RE: Entropy, Kalam, and First Cause
March 19, 2015 at 11:43 am
(This post was last modified: March 19, 2015 at 11:51 am by Anomalocaris.)
(March 19, 2015 at 11:17 am)Mister Agenda Wrote: I'm going to try to deduce what this sentence is supposed to mean. Please correct me if I am wrong. It sounds like you're trying to say that to gain evidence of the rules that govern the universe, the evidence would have to be within the universe and subject to the internal rules of the universe. If that is what you meant, I agree with that. I don't agree with the conclusion that it means we can find nothing out about conditions outside our universe unless the same rules apply without as within.
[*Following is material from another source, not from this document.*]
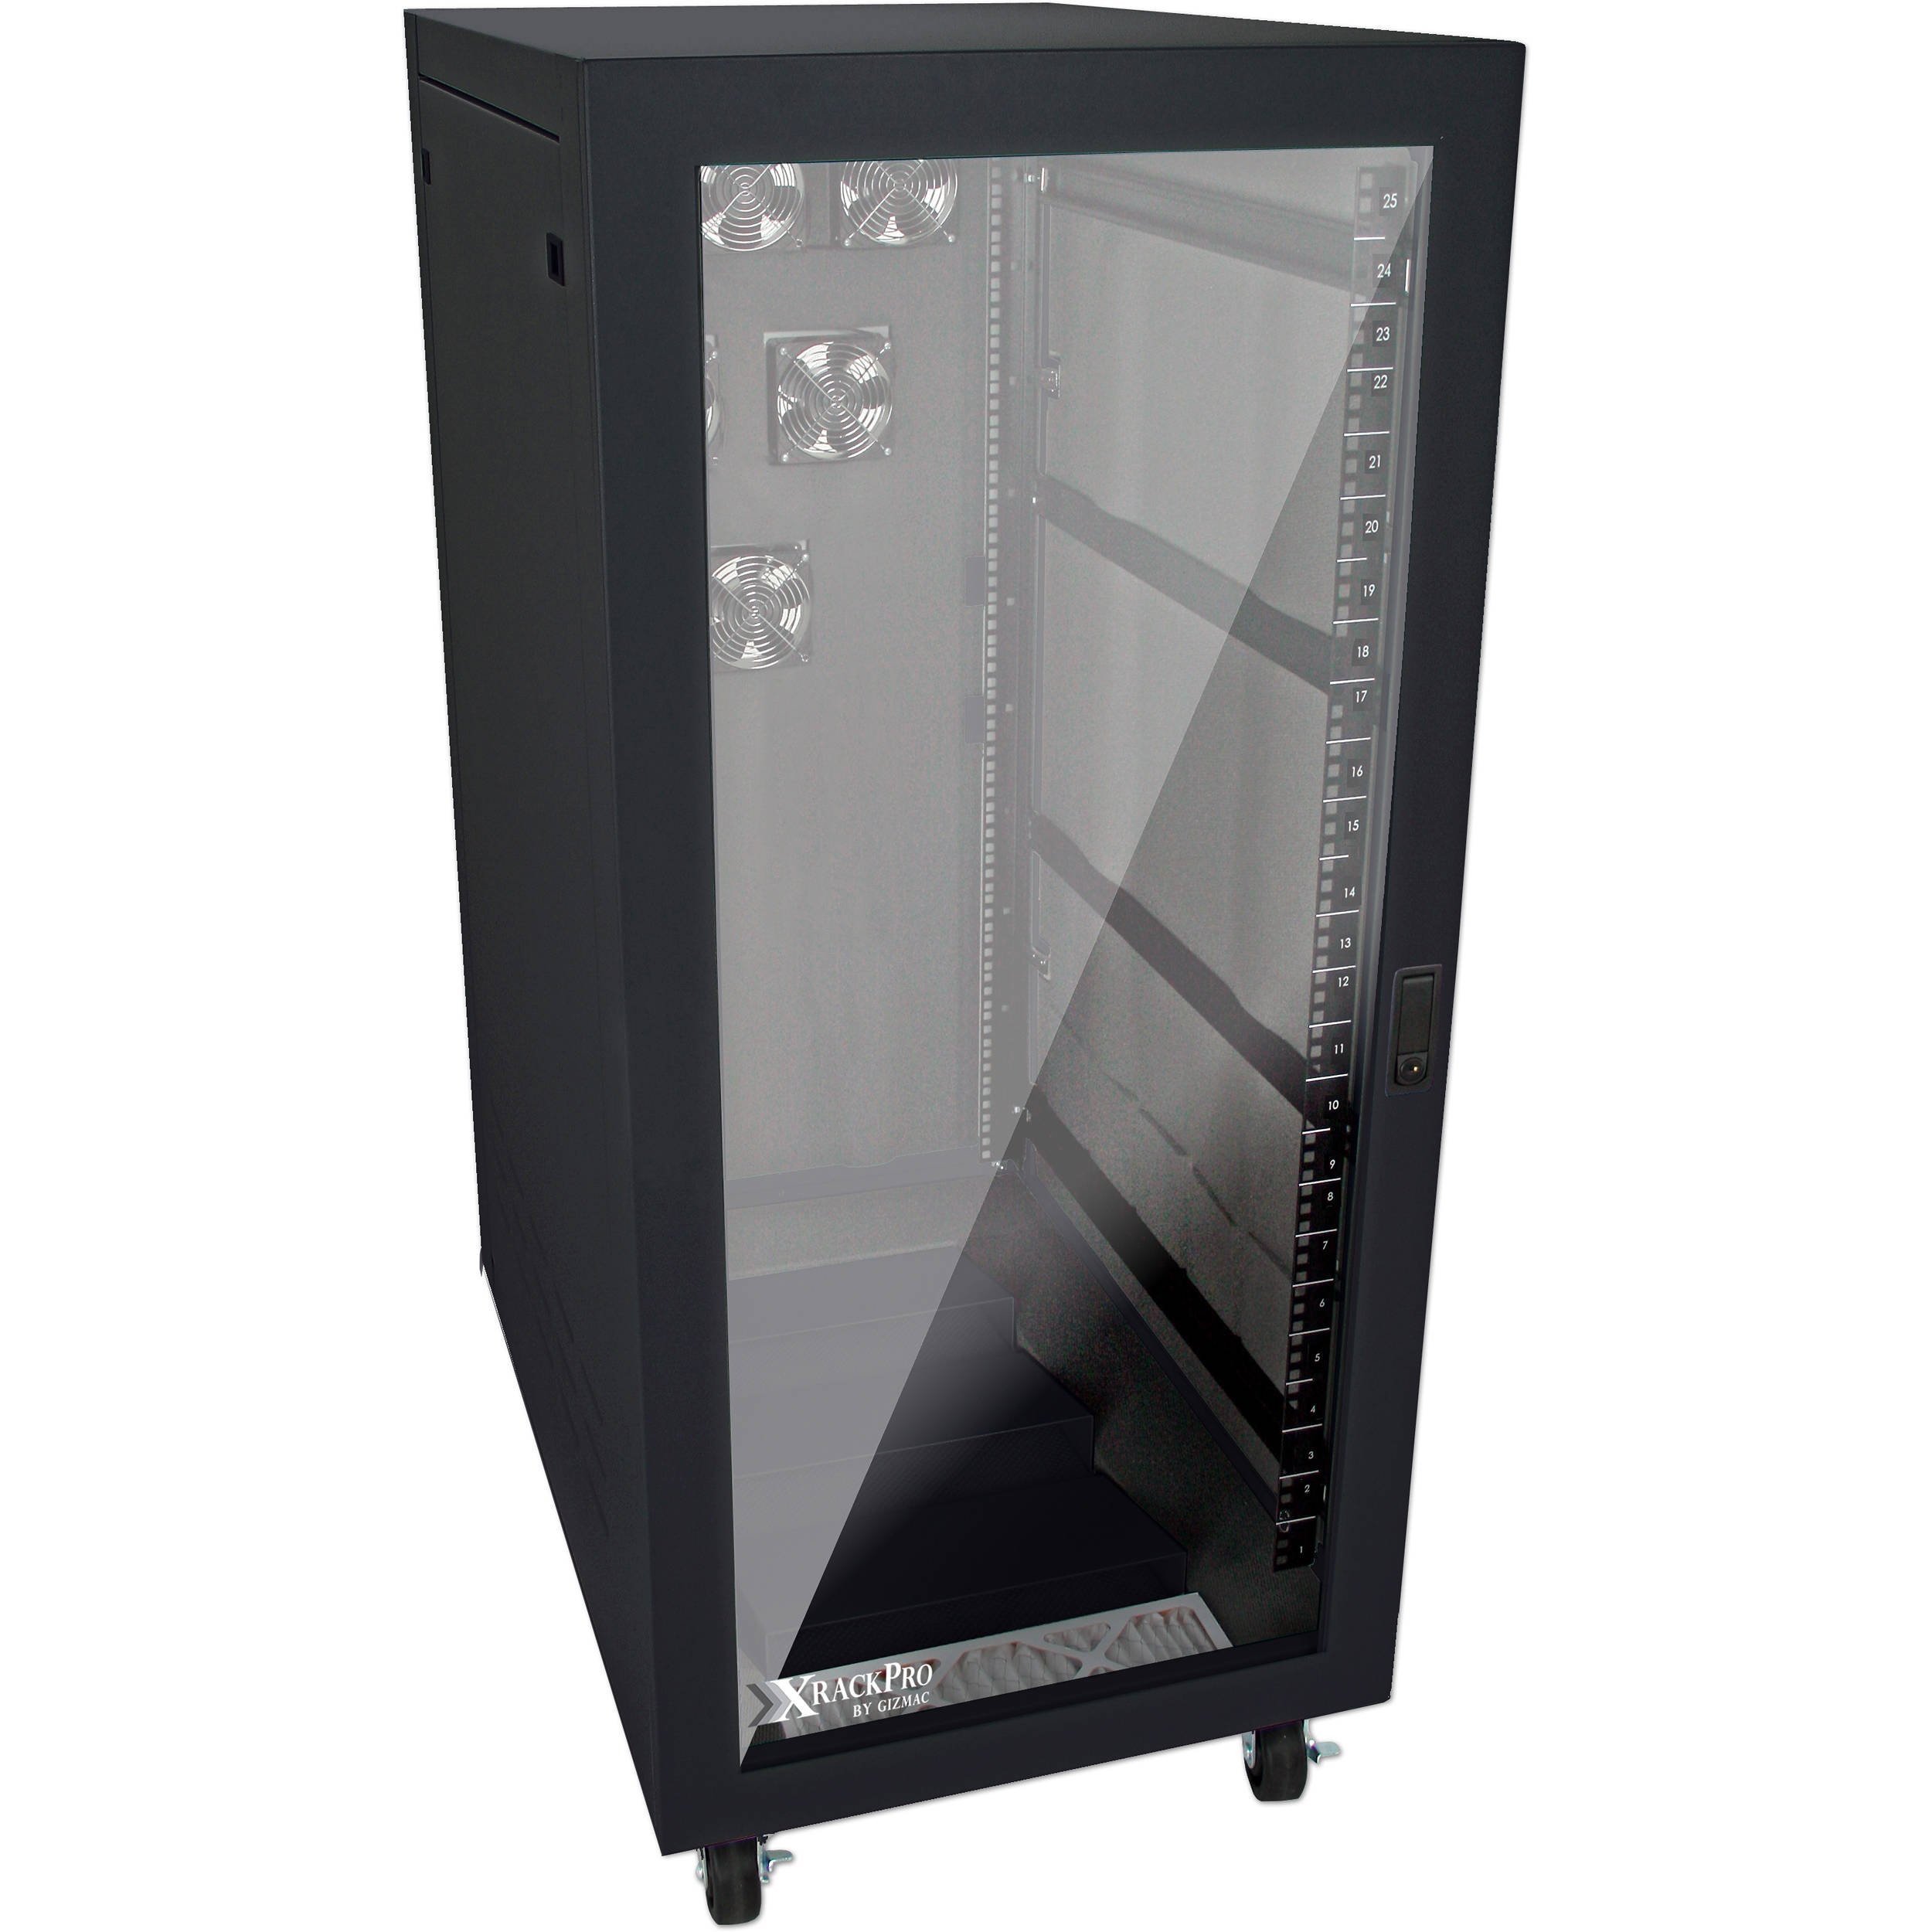 XRackPro2 Noise Reduction Server Rack Enclosure (25 RU, Black)

if by "same" you mean the set rules applying outside our universe is deductible from the set rules applying inside our universe, then yes, they do have to be the same. Other wise it is impossible to deduce how the condition and rules acting outside the universe would effect conditions observable inside the universe.
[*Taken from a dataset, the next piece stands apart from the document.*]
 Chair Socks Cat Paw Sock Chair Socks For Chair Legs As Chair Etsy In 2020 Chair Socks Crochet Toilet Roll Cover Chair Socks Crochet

(March 19, 2015 at 11:17 am)Mister Agenda Wrote:(March 18, 2015 at 5:42 pm)Chuck Wrote: The rules governing the universe must to a high degree be connected to and analogous with the rules inside the universe.
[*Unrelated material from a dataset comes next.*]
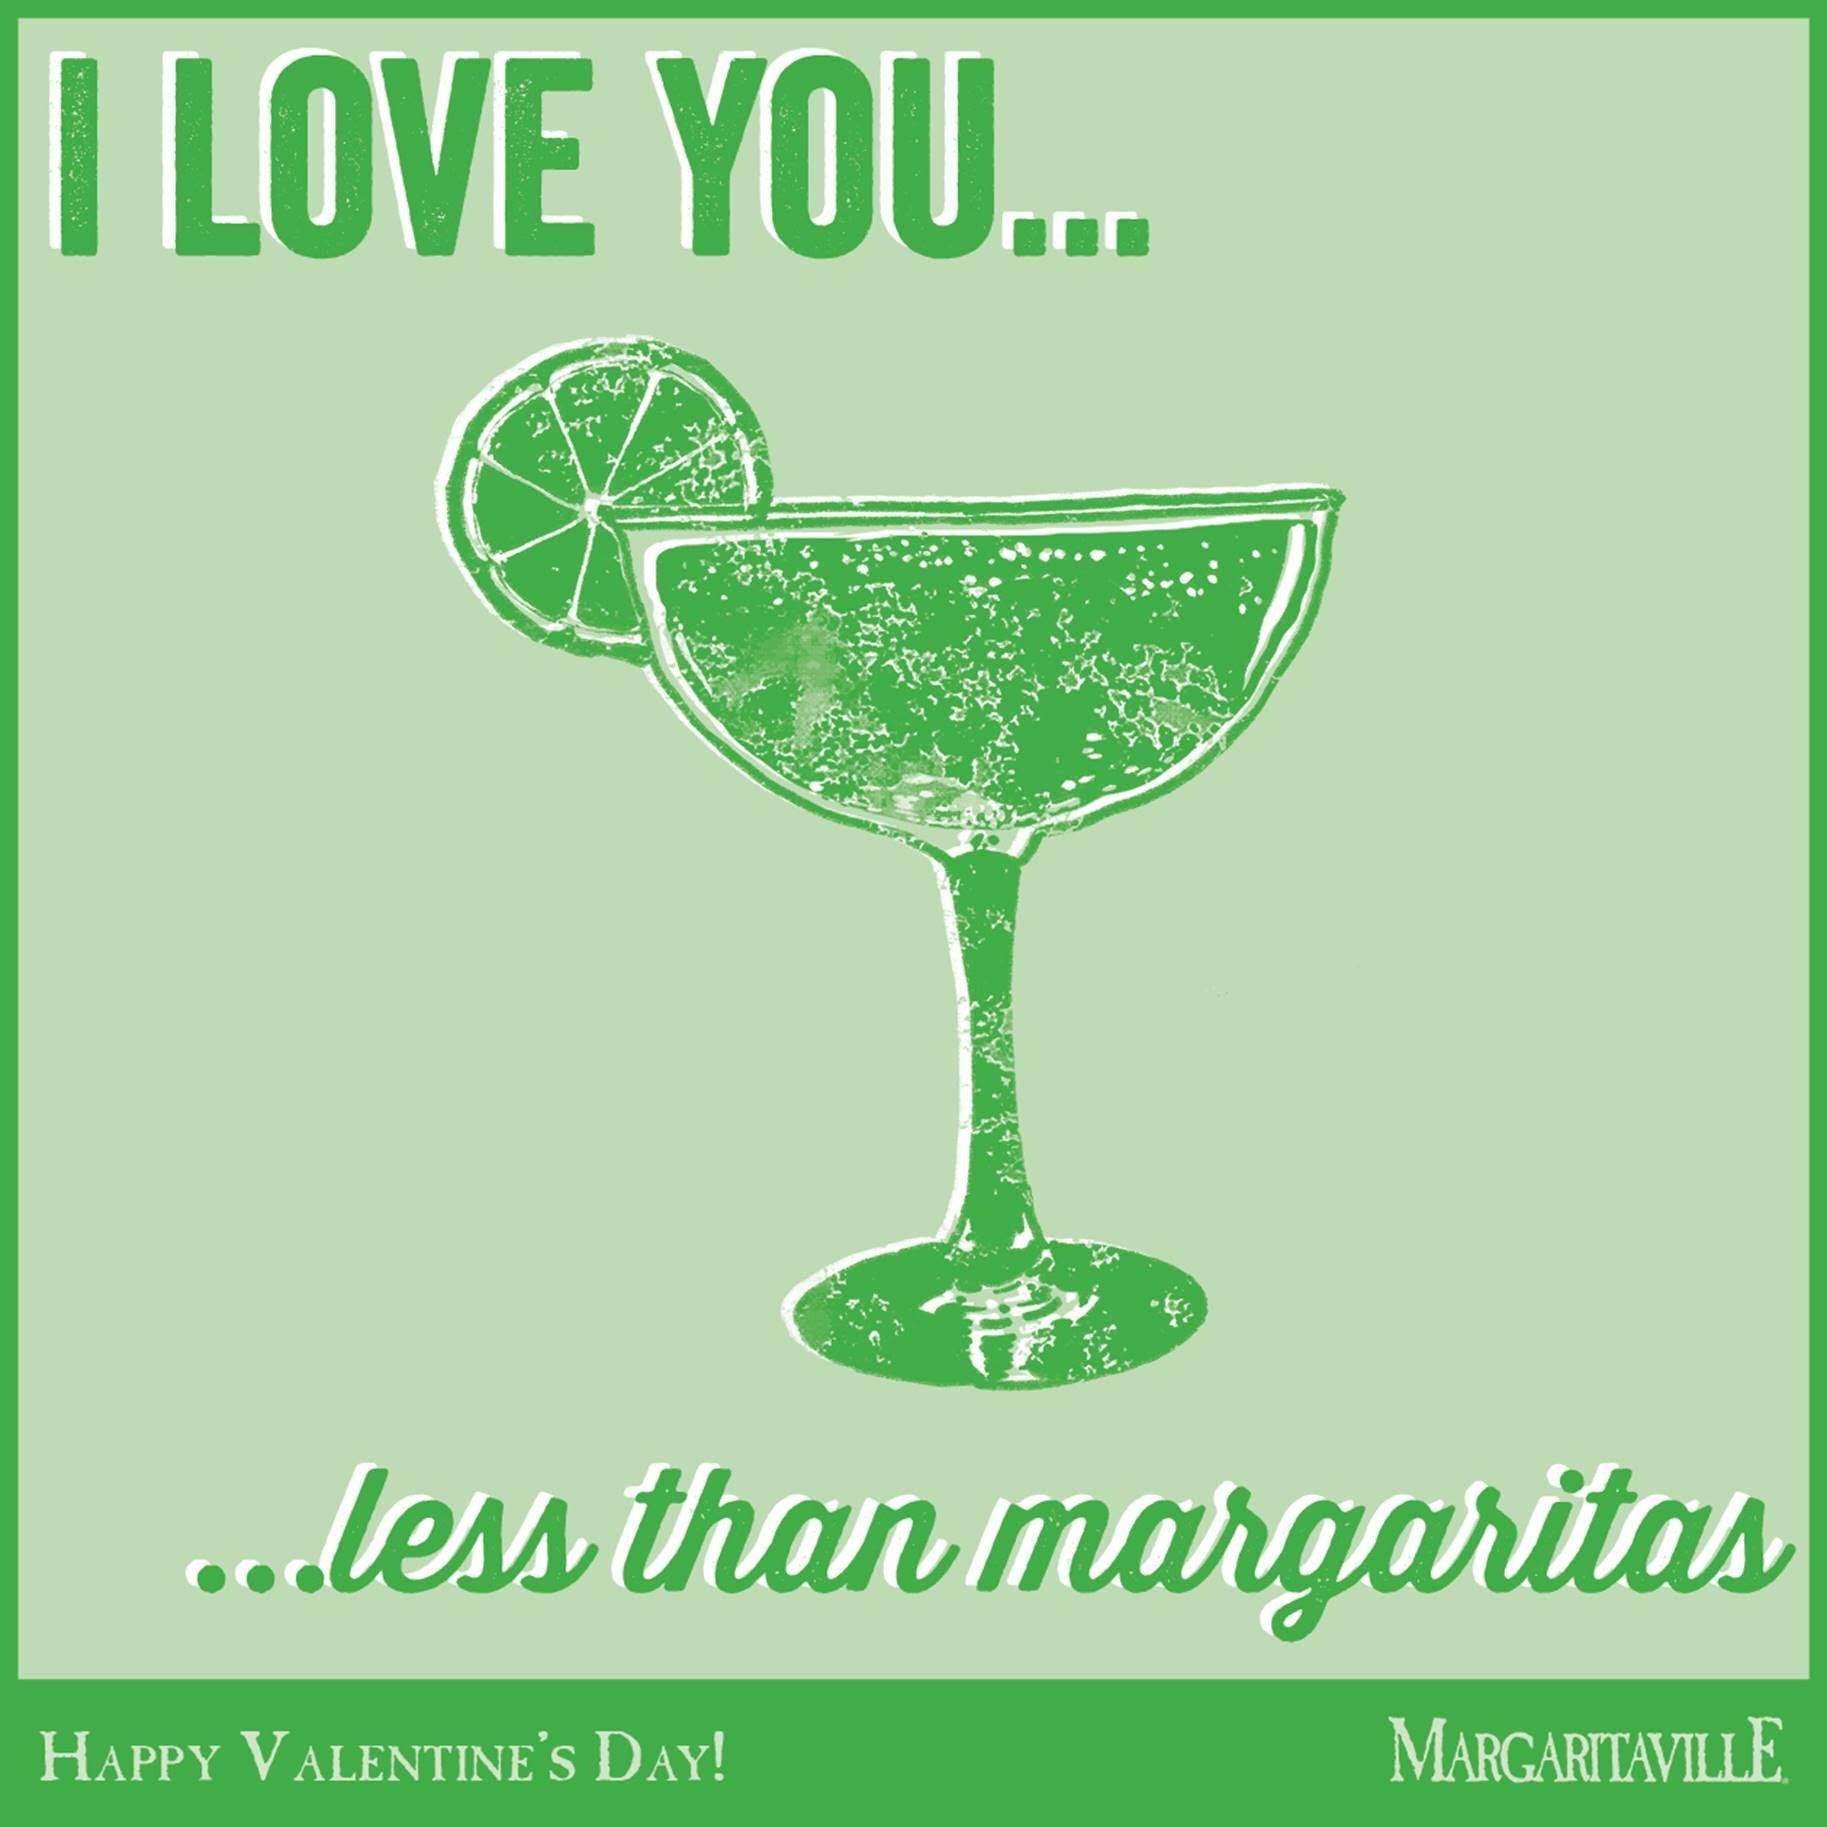 love-you-less-than-margaritas

Must they? How do you know that? Maybe they're connected in a low degree. Anything can be analogized, so I can't argue with that.
They have to be connected sufficiently closely so deductions from inside the universe, based on the only set of rules governing how data used as evidence can be generated, transmitted and received, must be as valid outside the universe as inside the universe.
If one set of rules should in principle be deductible from another, then I would say they are menifestations of the same underlying rules.